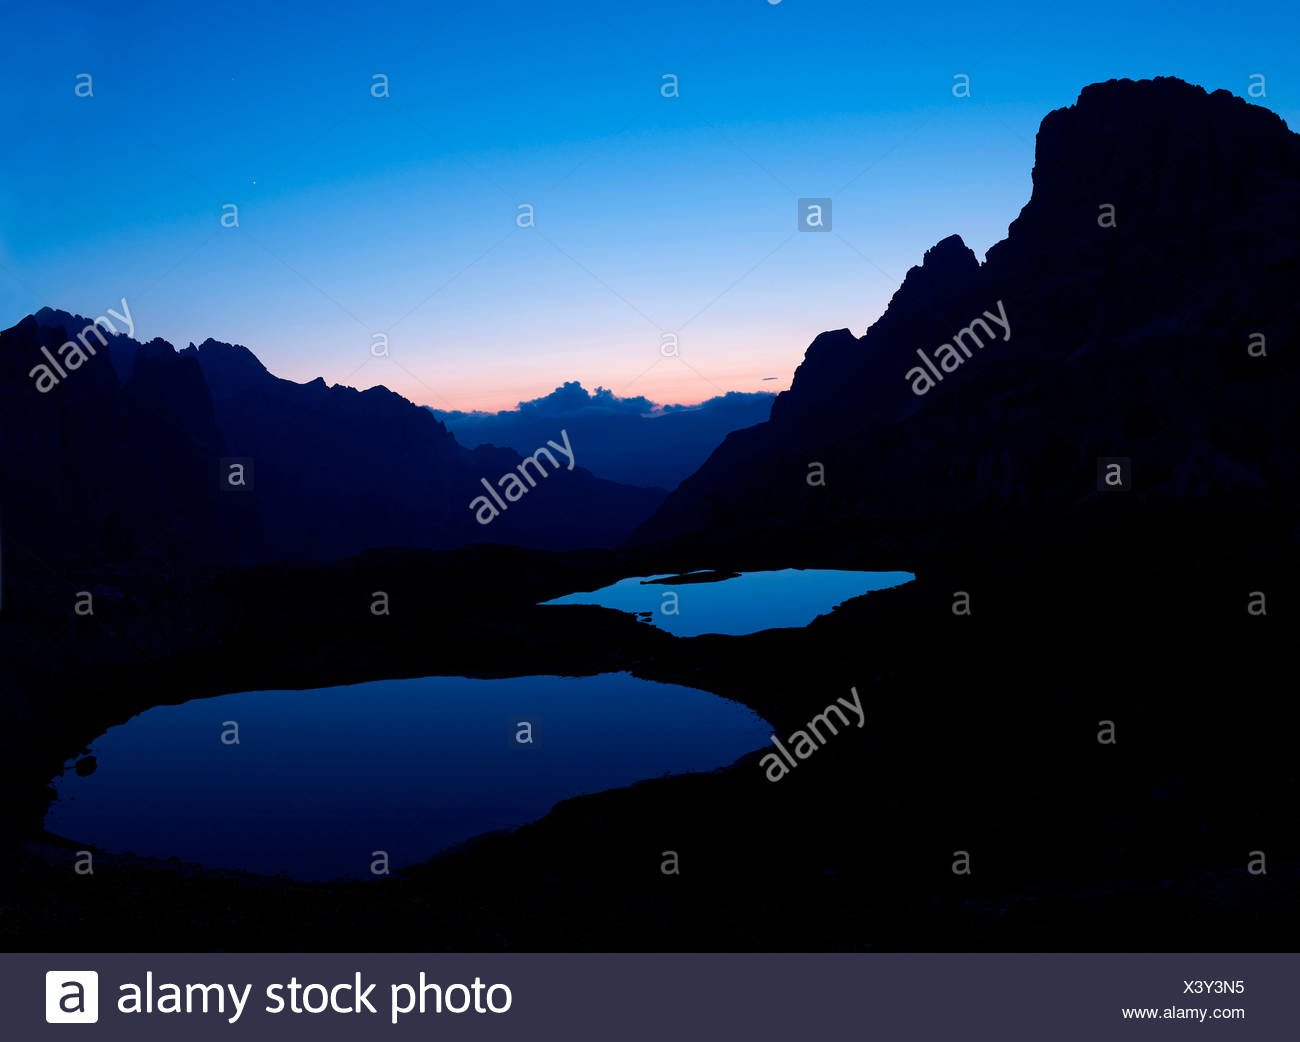 Boedenseen lakes at dawn, Dolomiti di Sesto National Park, Sexten Dolomites, Dolomites, province of Bolzano-Bozen, Italy, Europe - Stock Image
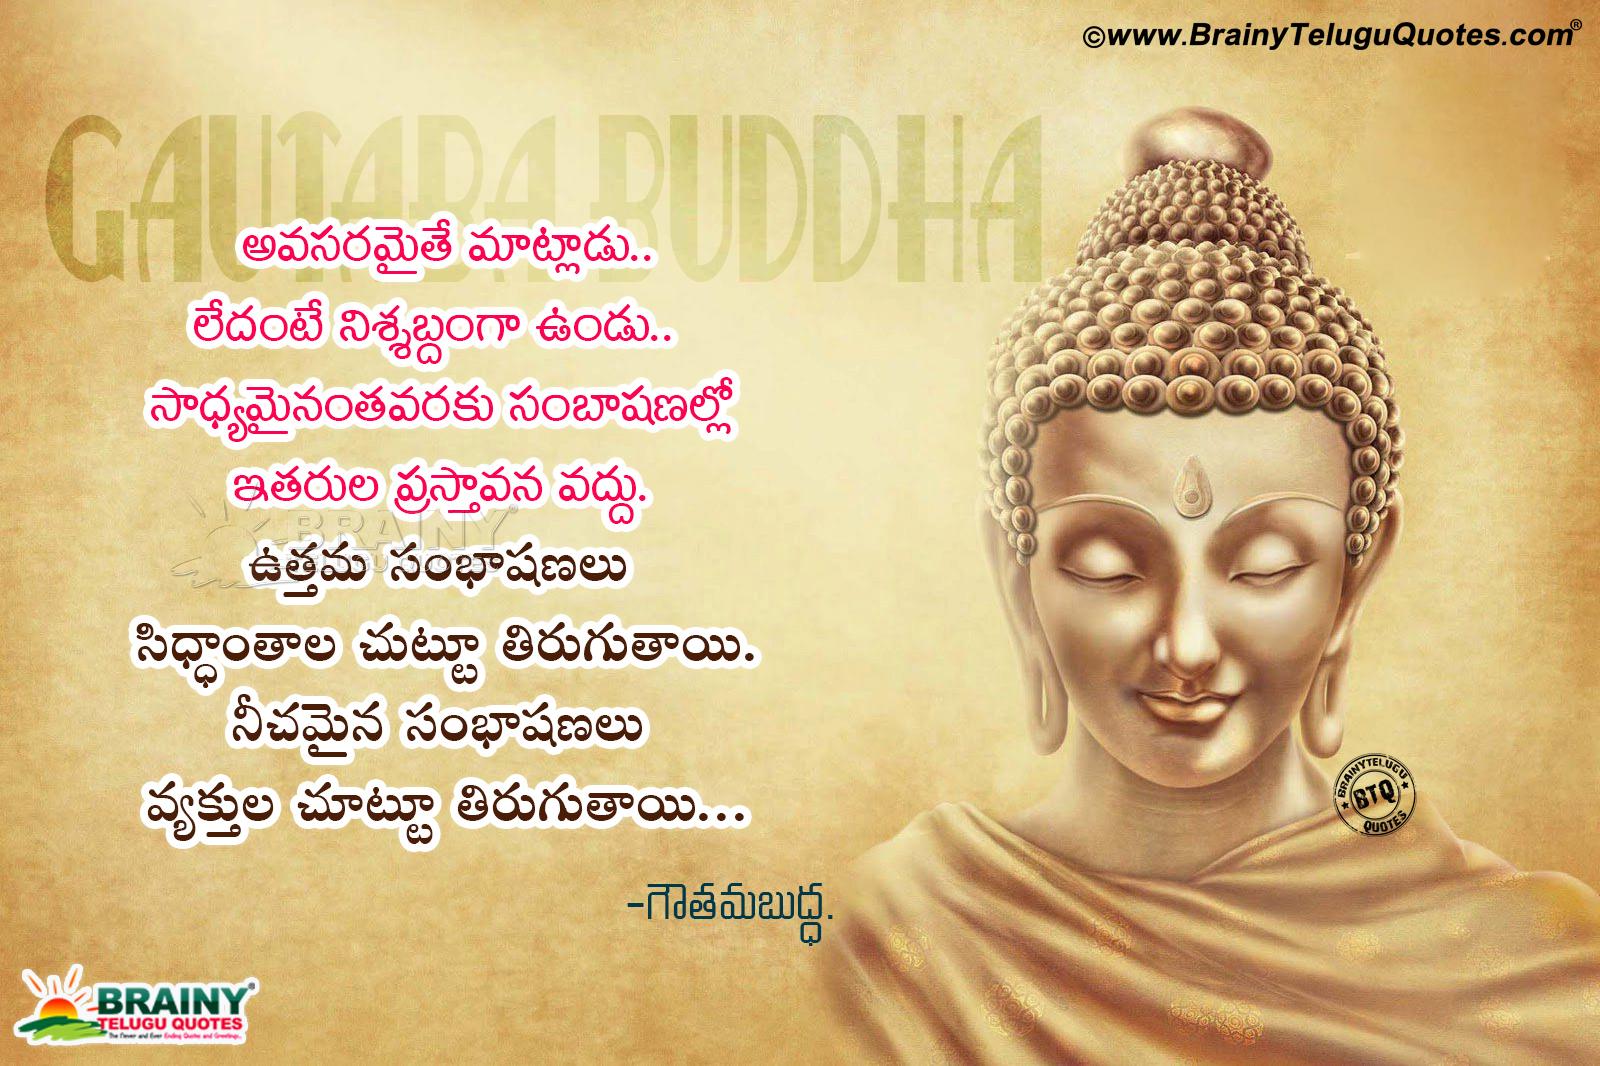 Gautama Buddha Quotes Telugu Gautama Buddha Inspirational Life Quotesbest Speeches
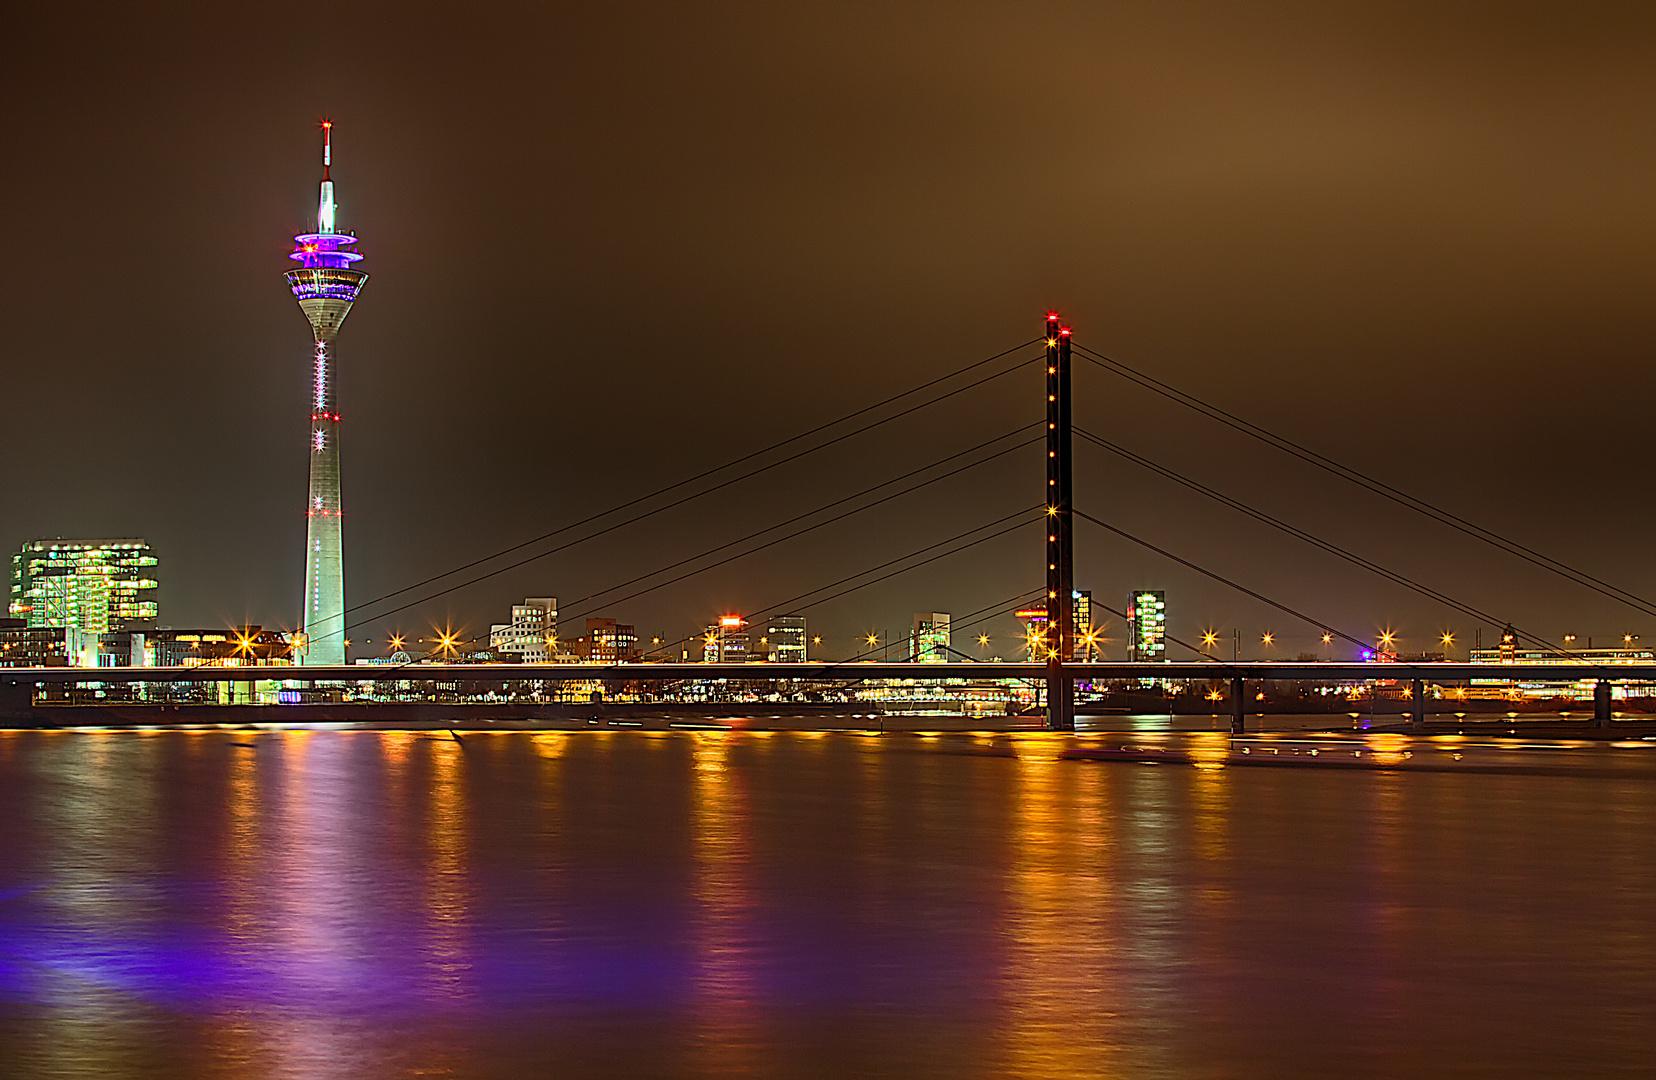 Rheinturm mit Rheinbrücke
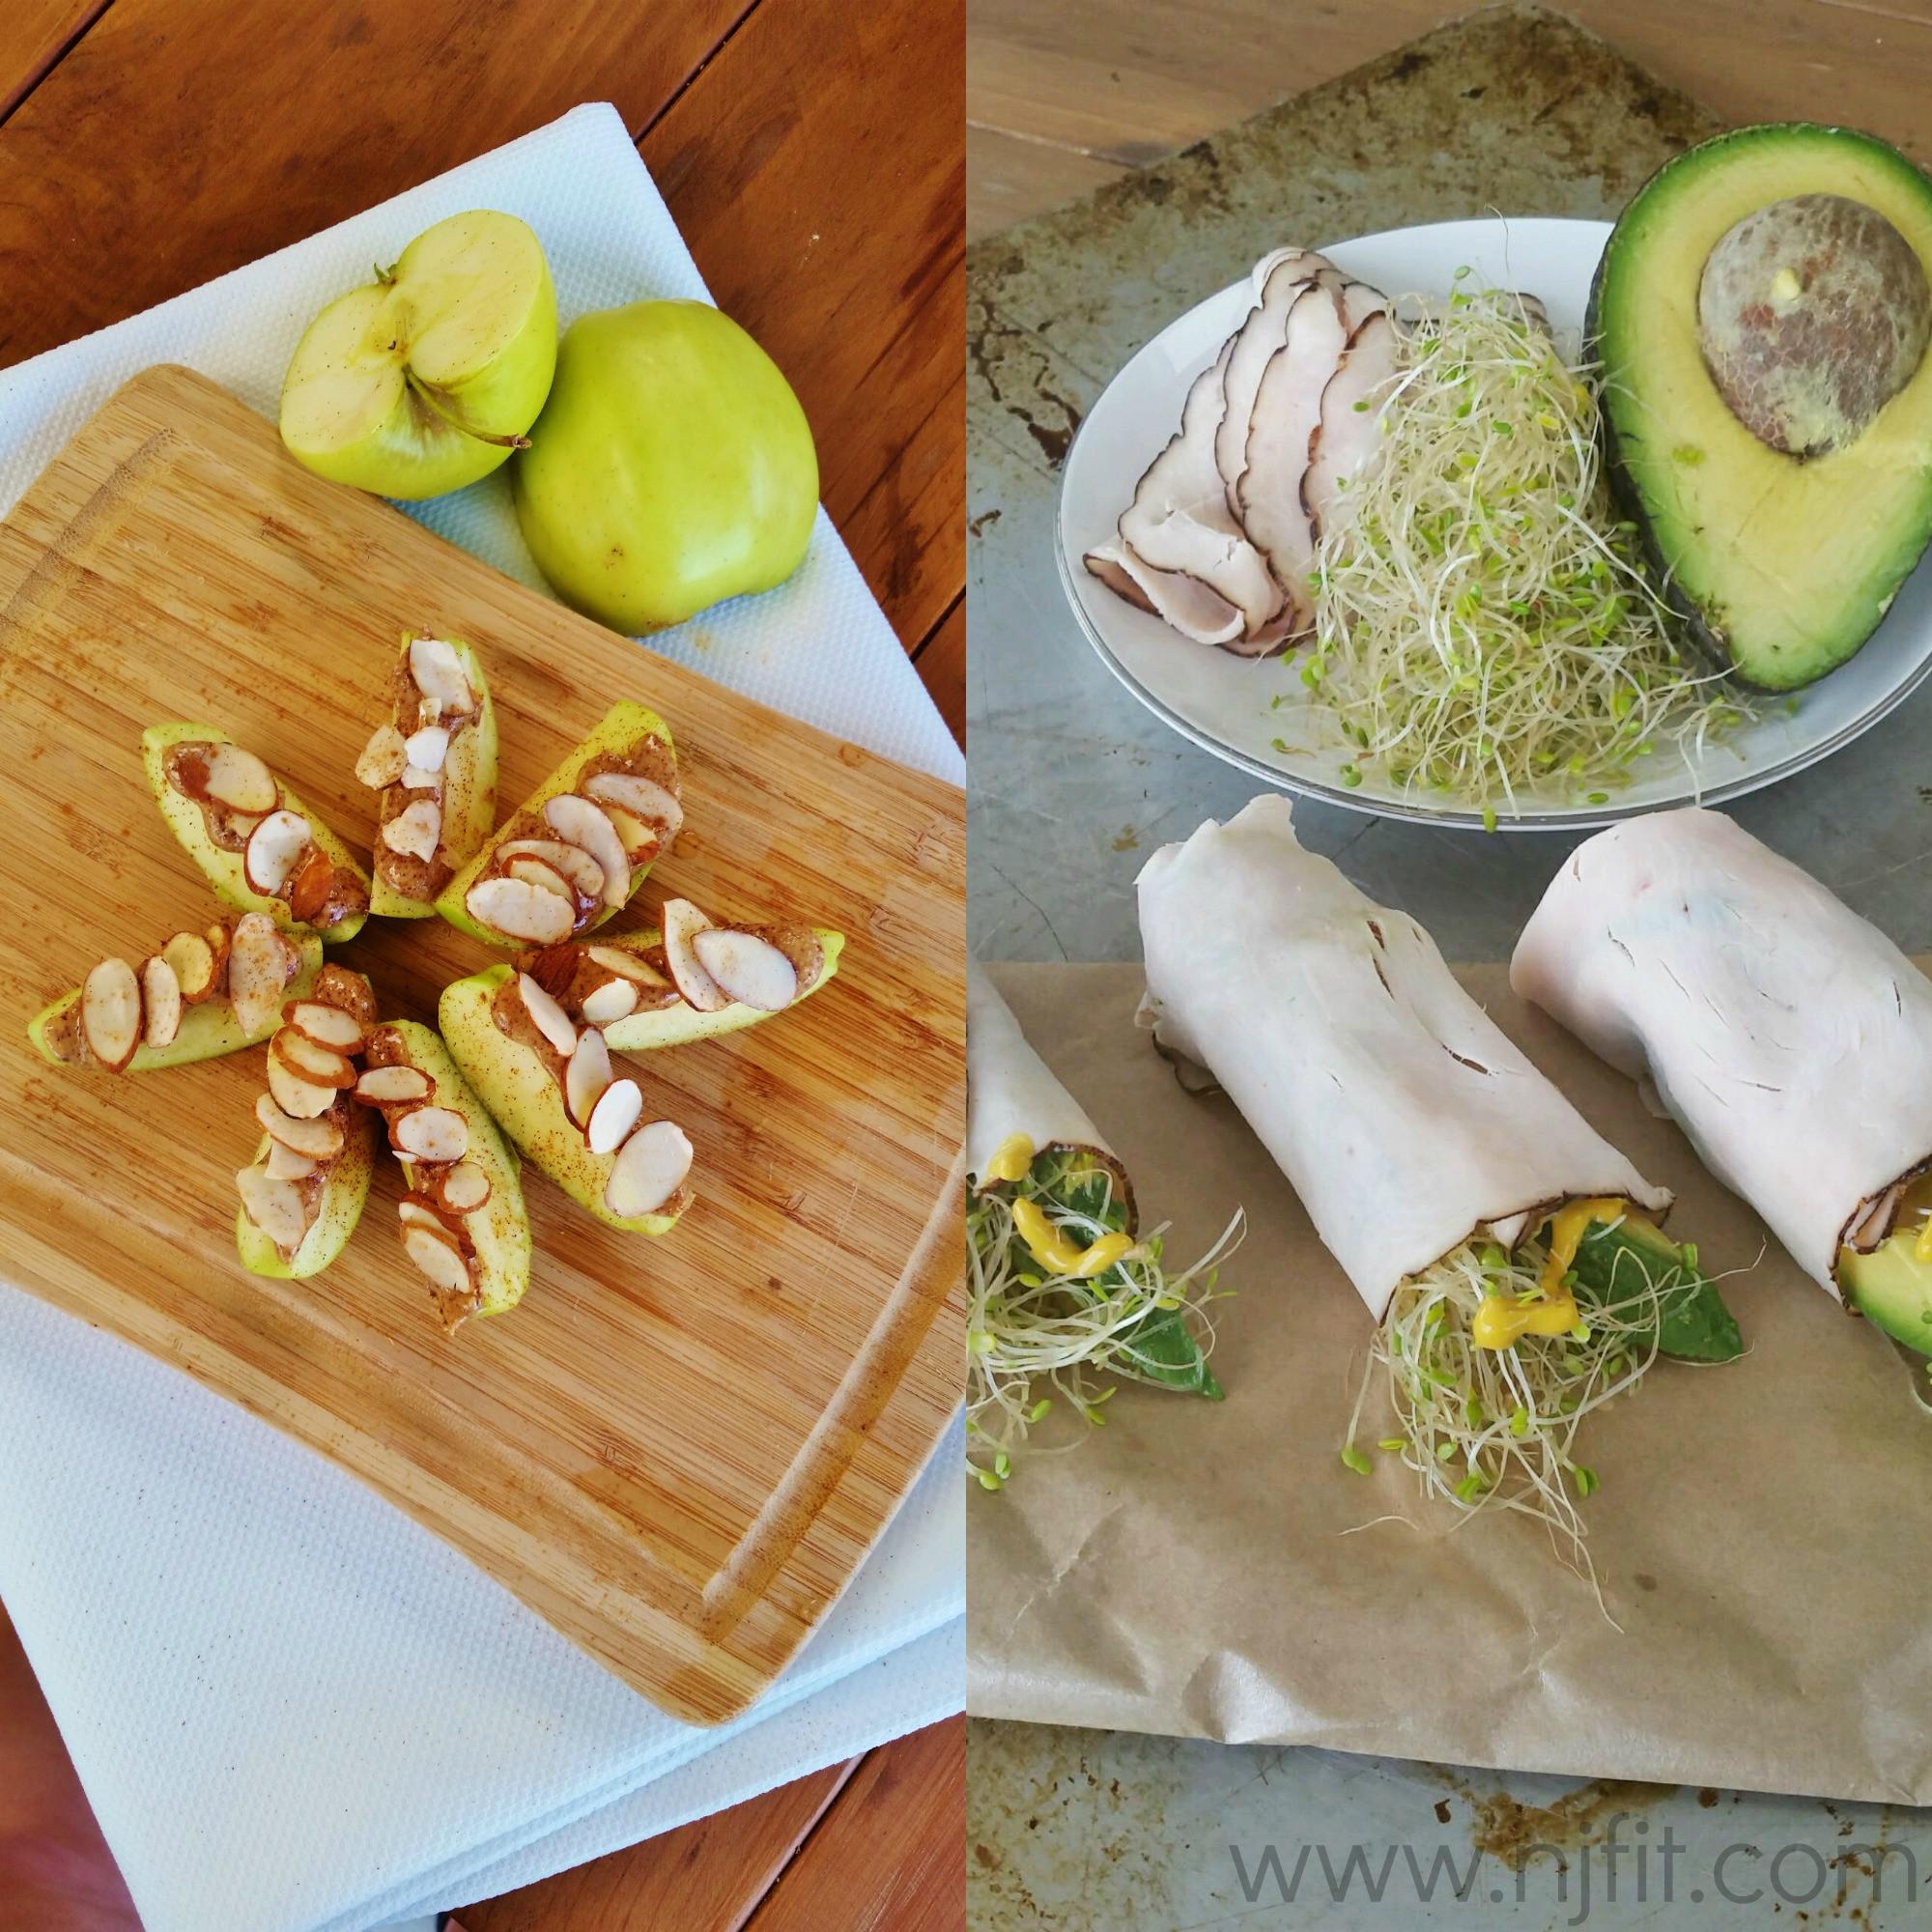 Healthy But Good Snacks  Quick healthy snacks 2 Natalie Jill Fitness

◆ ◆ ◆ ◆

Work to complete:
Write out the whole listing exactly, with no pictures.

Response area:
 Boedenseen lakes at dawn, Dolomiti di Sesto National Park, Sexten Dolomites, Dolomites, province of Bolzano-Bozen, Italy, Europe - Stock Image
 Gautama Buddha Quotes Telugu Gautama Buddha Inspirational Life Quotesbest Speeches
 Rheinturm mit Rheinbrücke
 Healthy But Good Snacks  Quick healthy snacks 2 Natalie Jill Fitness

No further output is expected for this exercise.